Madame Royale, mousseline la sérieuse
Portait de Marie-Thérèse enfant

Marie-Thérèse naît au château de Versailles le 19 décembre 1778 et est baptisée le jour même dans la chapelle du château par le grand aumônier de France, le cardinal Louis de Rohan. L’écrivain Saint-Simon la qualifie de “fille de France jusqu’à la chaise percée”, car elle a un caractère bien trempé et aime paraître hautaine et orgueilleuse. Elle a une certaine complicité avec son père Louis XVI, mais les relations avec sa mère Marie-Antoinette sont plus compliquées car celle–ci tente de combattre le penchant têtu et hautain de sa fille. Elle la surnomme pour cela “Mousseline la sérieuse”

“Madame Royale”

Marie-Thérèse-Charlotte est plus couramment appelée par son troisième prénom, Charlotte. Mais le peuple et les courtisans lui affuble le surnom de “Madame Royale”, pour la distinguer de sa tante ( belle-soeur de Louis XVI ), la comtesse de Provence, que l’on surnomme aussi Madame

Marie-Thérèse de France, la fin de l’innocence

Vivre une révolution à 10 ans

Marie Thérèse de France révolution 10 ans
Retour de la famille royale à Paris après la fuite à Varennes

Si elle passe la première partie de son enfance choyée et privilégiée dans les pièces du château de Versailles, cette tranquillité apparente va vite tourner court.

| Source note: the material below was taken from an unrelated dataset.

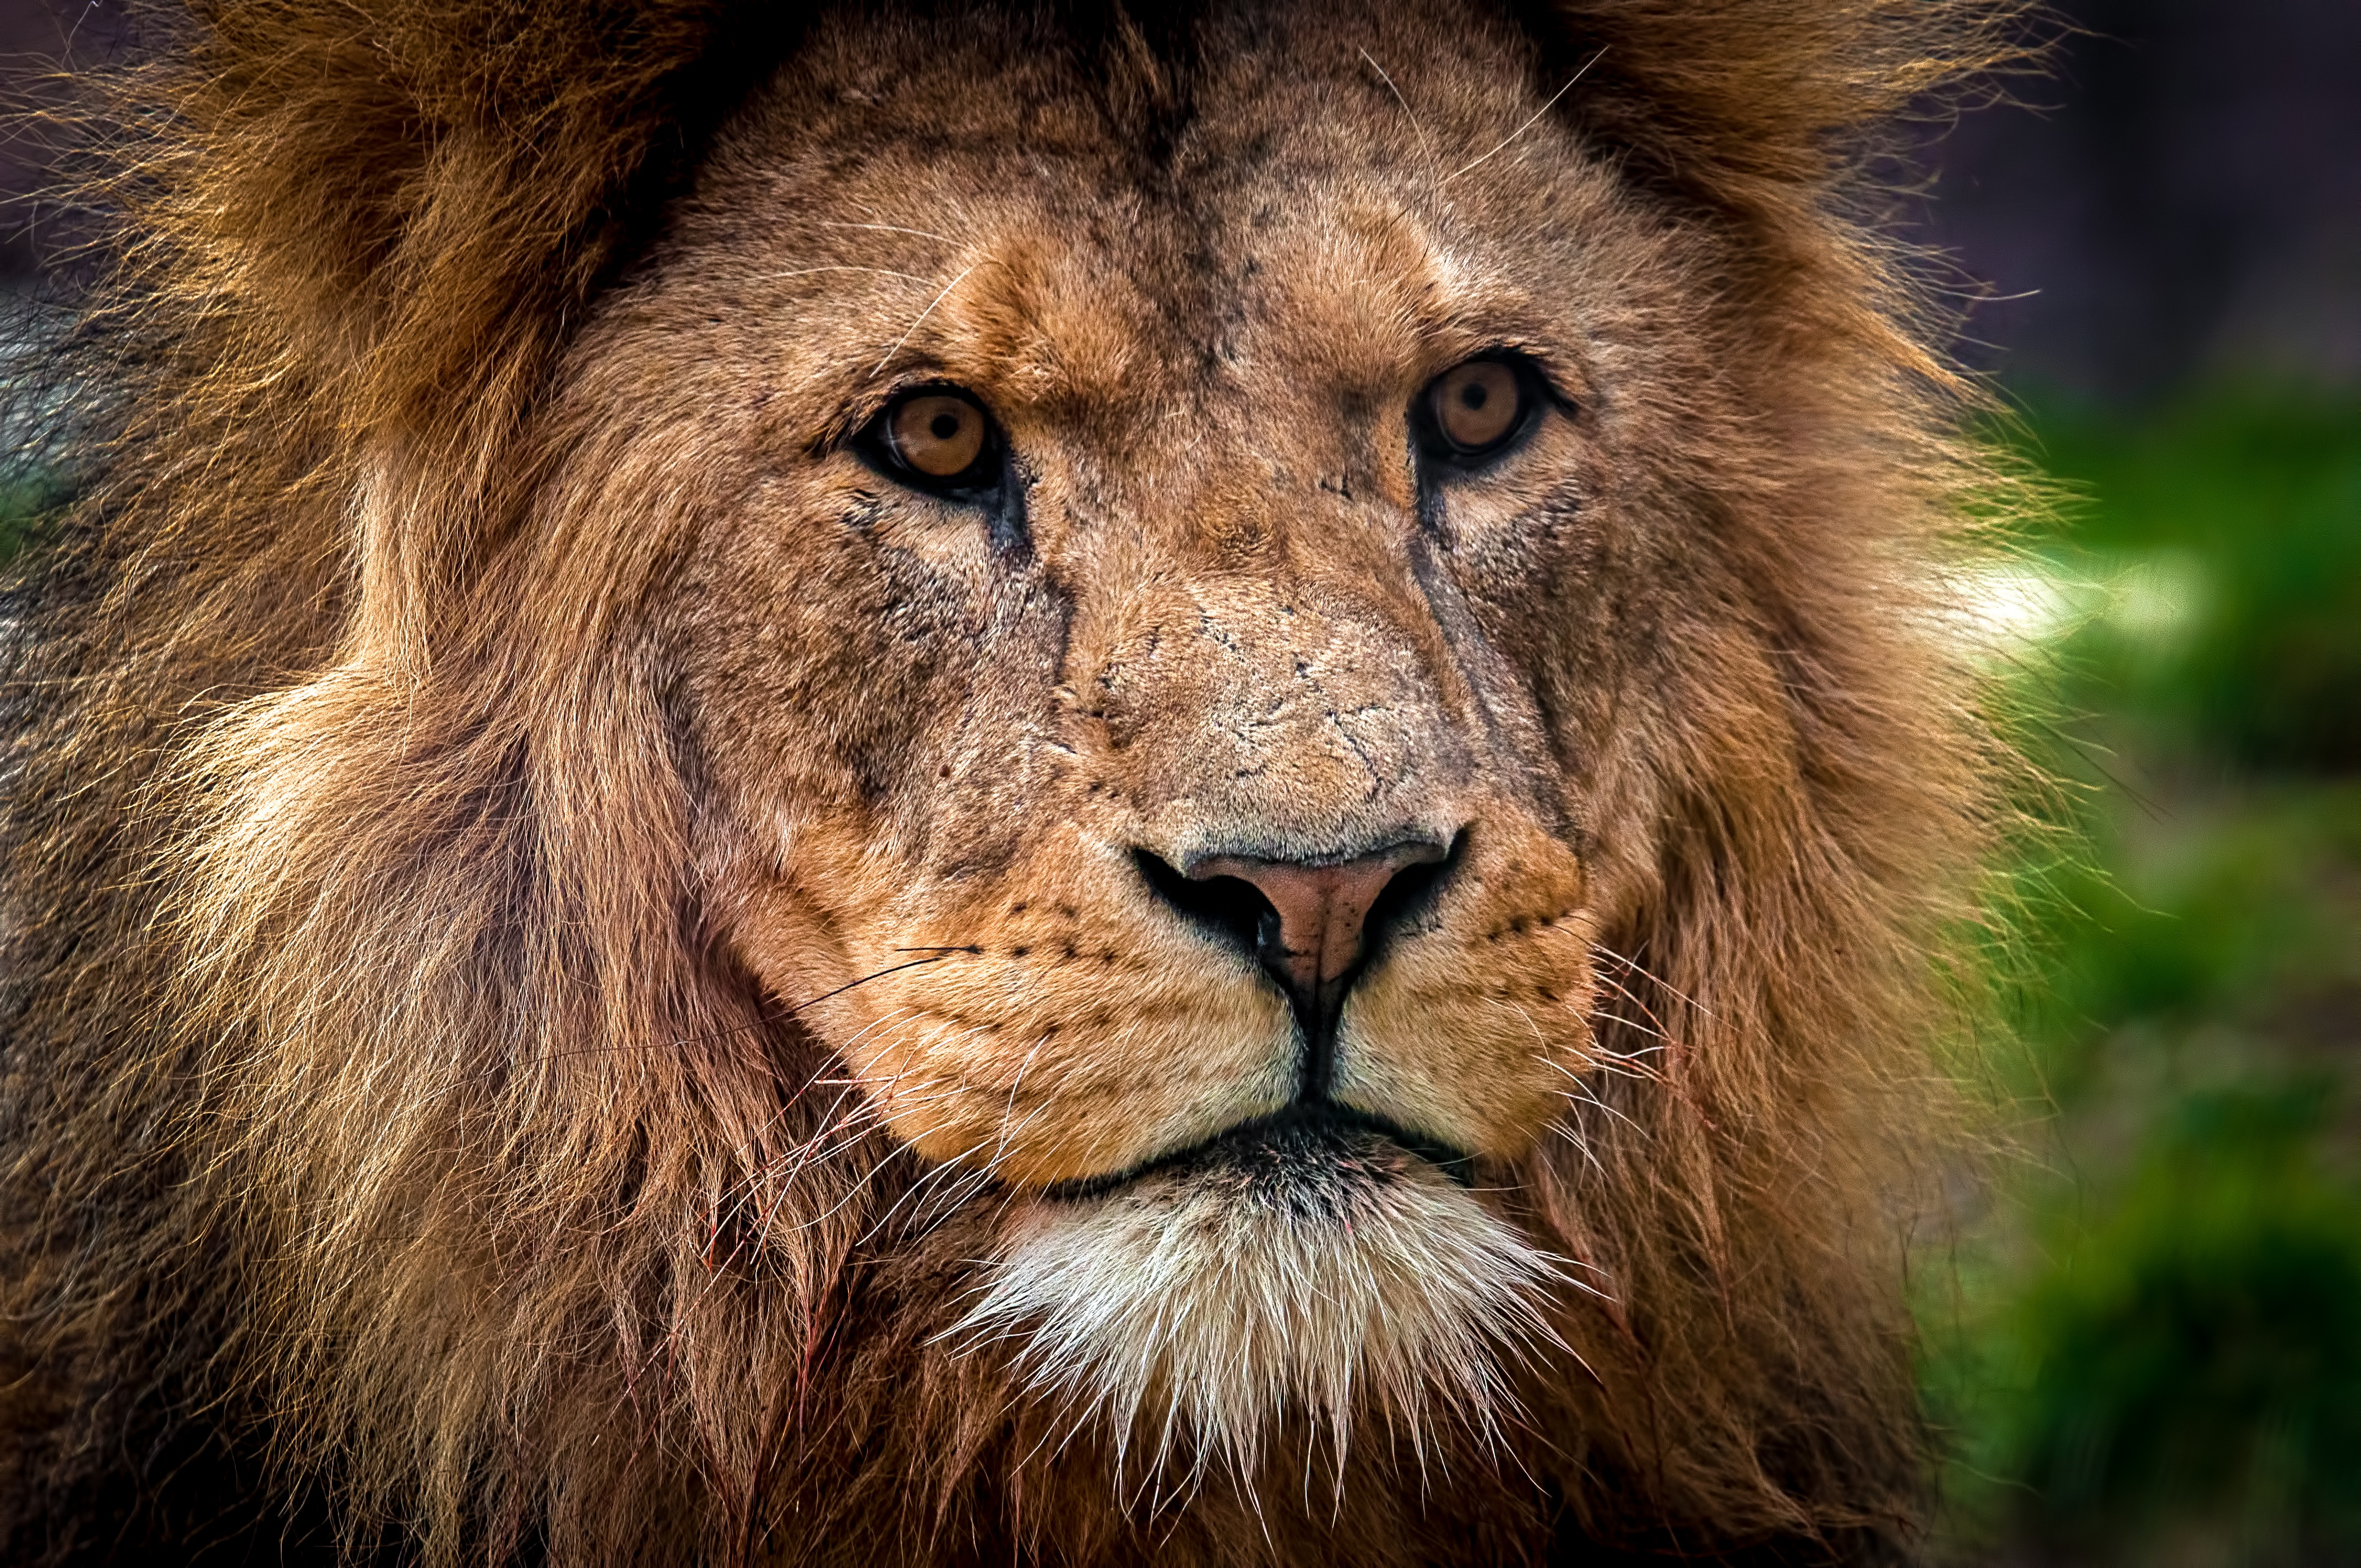 152488 baixar papel de parede Animais, Leão, Focinho, Fechar-Se, Close-Up, Um Leão, Predator, Predador, Rei Das Feras, Rei Das Bestas - protetores de tela e imagens gratuitamente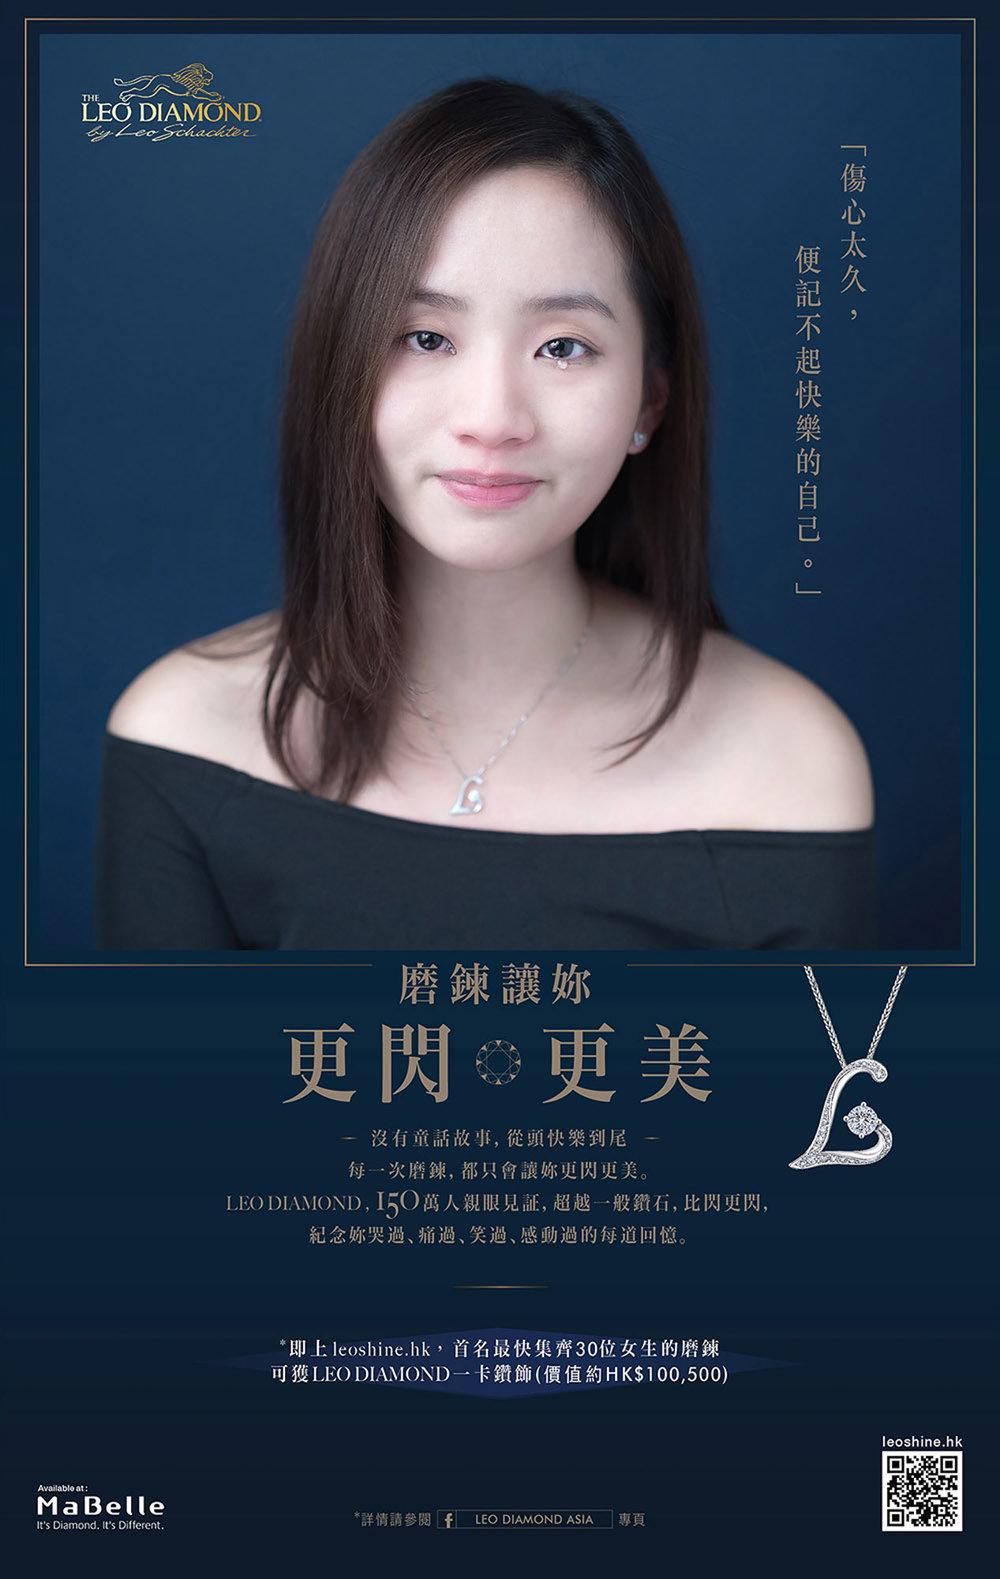 Rachel leung-01.jpg

Le 6 octobre 1789, une foule envahit le château de Versailles, massacrant au passage quelques gardes du corps, et la famille royale est obligée de déménager au Palais des Tuileries à Paris

Autre élément traumatisant pour la jeune princesse : en 1791, ses parents tentent de fuir la France, déguisés en simples gens du peuple, et attribués de faux-noms. Ils sont découverts à Varennes, et la jeune Marie-Thérèse de France doit subir la honte du retour à Paris. La famille royale est d’abord enfermée au Couvent des Feuillants, avant d’être transférée dans la prison du Temple

Marie-Thérèse de France, l’orpheline du temple

Marie Thérèse de France une orpheline au temple
Séparation de la famille royale dans la prison du Temple

Les révolutionnaires lui affublent le nom républicain de Thérèse Capet, et elle est d’abord enfermée dans la même pièce que son frère Louis XVII, sa mère et sa tante Elisabeth. Son père lui, est séparé du reste de la famille et est guillotiné le 21 janvier 1793. Sa mère Marie-Antoinette est ensuite transférée à la Conciergerie, et son petit frère Louis confié à un précepteur révolutionnaire, Antoine Simon. Elle reste donc seule au Temple avec sa tante Elisabeth. 

Sa tante finit par être guillotinée le 10 mai 1794 et Madame Royale, 15 ans, se retrouve seule. Elle n’adresse plus la parole à ses gardiens, sombre dans une profonde dépression et écrit des graffitis sur les murs de sa cellule, criant son chagrin

Vive ma bonne mère que j’aime bien et dont je ne peux savoir des nouvelles.
Ô mon père, veillez sur moi du haut du ciel !
Ô Mon dieu, pardonnez à ceux qui ont fait mourir mes parents !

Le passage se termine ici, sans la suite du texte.